Homilia A viúva e o juiz injusto

Meus queridos irmãos,

Mais um domingo nos é colocado para a nossa vida de oração, oração insistente que provoca a Justiça. Assim neste domingo as leituras, iniciando pela primeira leitura(cf. Ex 17,8-13), nos lembra a história de como Moisés conseguiu a vitória de seu general Josué sobre os amalecitas, os eternos inimigos de Israel. Enquanto Moisés, segurando o bastão da força divina, ergue as mãos por cima dos combatentes, Israel ganha. Quando ele as deixa baixar, perde. Observemos que na batalha contra os amalecitas, quem decide da vitória não é Josué, o general, mas Moisés, o homem de Deus, que reza de braços estendidos desde a manhã até a noite. Sendo Moisés o enviado de Deus é evidente que se trata de uma maneira de tornar a força do Senhor presente no combate. O gesto pode bem significar que Deus mesmo é o general do combate. O próprio gesto de levantar as mãos indica o relacionamento com o Altíssimo. Levantar as mãos a Deus sem cessar, eis a grande lição da leitura do livro de Êxodo.

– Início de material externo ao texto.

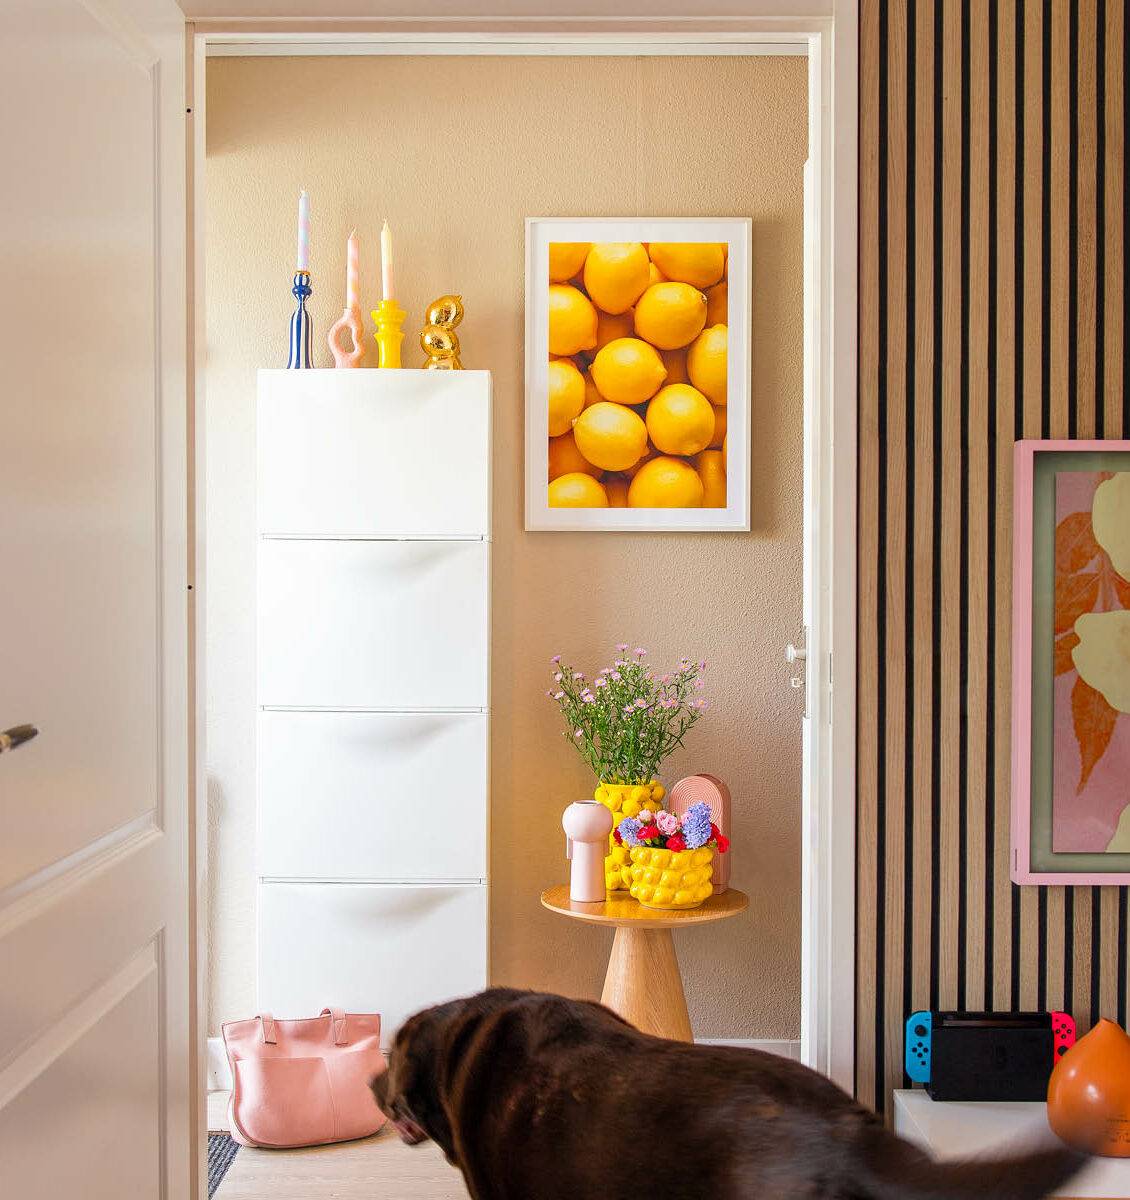 NL hal met hond en citroenen poster aan de wand

Convém recordar que as tradições sobre a libertação (Ex 1-18) têm como objetivo primordial fazer uma catequese sobre o Deus libertador, que salvou o seu Povo da opressão e da morte, que o fez atravessar a pé enxuto o mar Vermelho e o encaminhou através do deserto… Não interessa aqui a reportagem jornalística do acontecimento; importa a catequese sobre esse Deus a quem Israel é convidado – pela história fora – a agradecer a sua vida e a sua liberdade.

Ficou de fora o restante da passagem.